Step 1: Give Away Your Computer
The best way to start planning your slide presentation is to give your computer to someone trustworthy. Make her take an oath that she will only give it back once you are done with Step 3. Good PowerPoint presentations start off of the screen.
Step 2: Speech First and Slides Second
Write out what you would say if you didn’t have any slides for your presentation. What if you just had a whiteboard or nothing at all? Decide on your main point and the needs of your audience. From there, decide on your beginning, middle, and end. During this time, you should also focus on the length of your presentation. Cut your allotted time by 5-10 minutes, and include only the necessary information. Put the rest of the information in a supporting document to hand out after your presentation.
Step 2.5: Ask yourself, “Do I really need a slide presentation?” At this point, you may realize that you don’t need a slide presentation. A white board and a few handouts may be all you need. It’s possible that you will make history in your office by being the first person to do a presentation without PowerPoint slides.
Step 3: Storyboard
One step closer to using Microsoft’s bronze-standard software. Get sticky notes or index cards and make each one into a separate slide. Put them in the order you want for your presentation.
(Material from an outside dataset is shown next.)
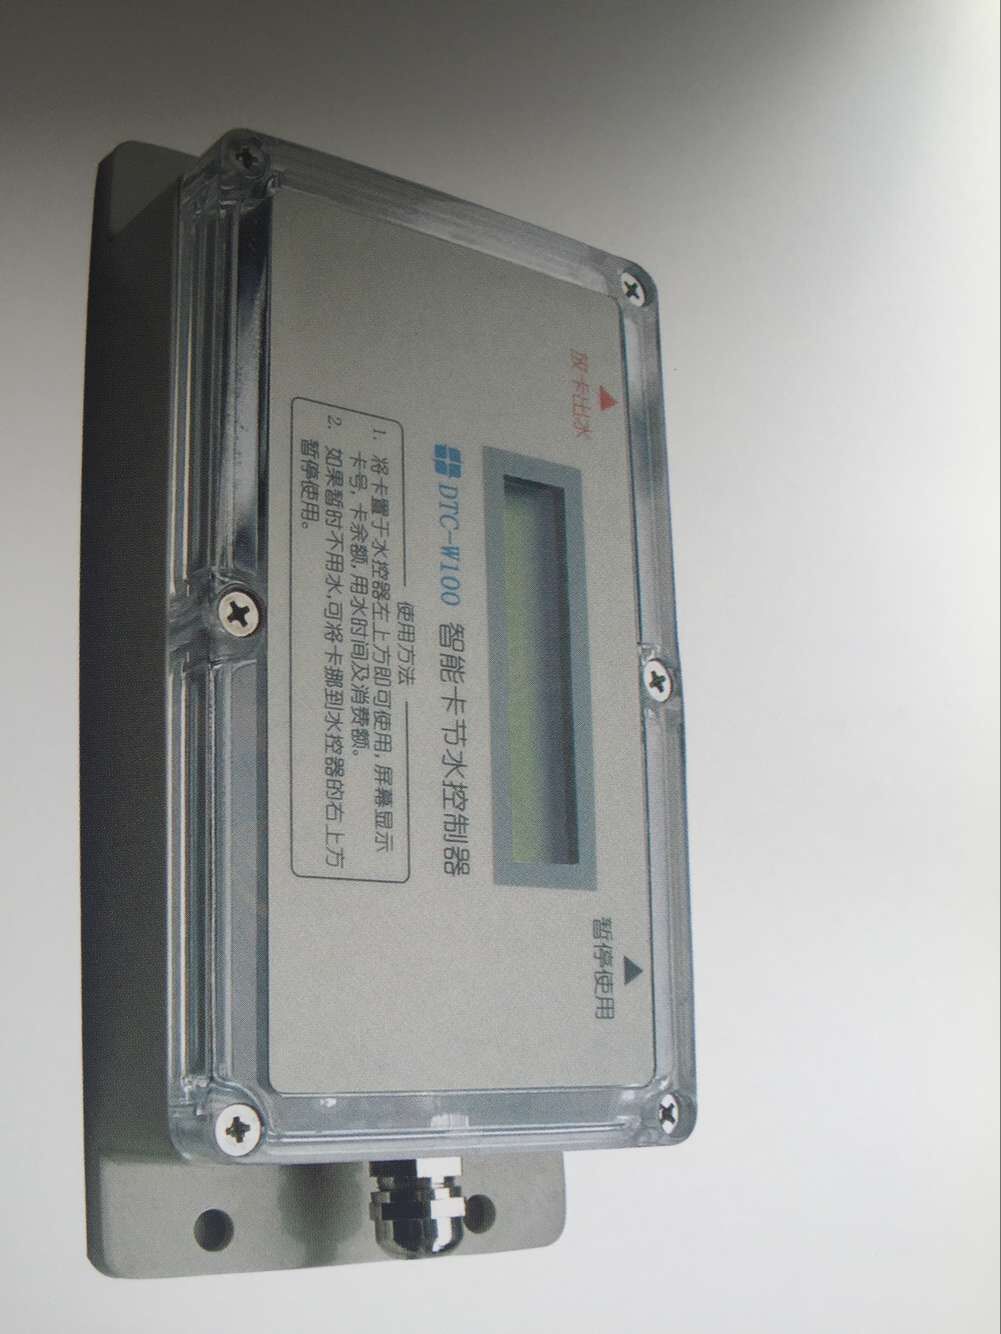 上海魅南多功能联网水控机高性能通用节水控制器收费水控机

Small items force you to put the essential information on each slide and allow you to move slides around for a better sequence.
Extra tip: For slide design tips at this point, only two matter the most:
-One main idea per slide: You don’t want your audience to read 10 long lines of text and ignore your words. Put 1-2 sentences on each slide for your main idea. This type of design will prevent you from turning your presentation into the “normal” type where the presenter reads every single word as their speech.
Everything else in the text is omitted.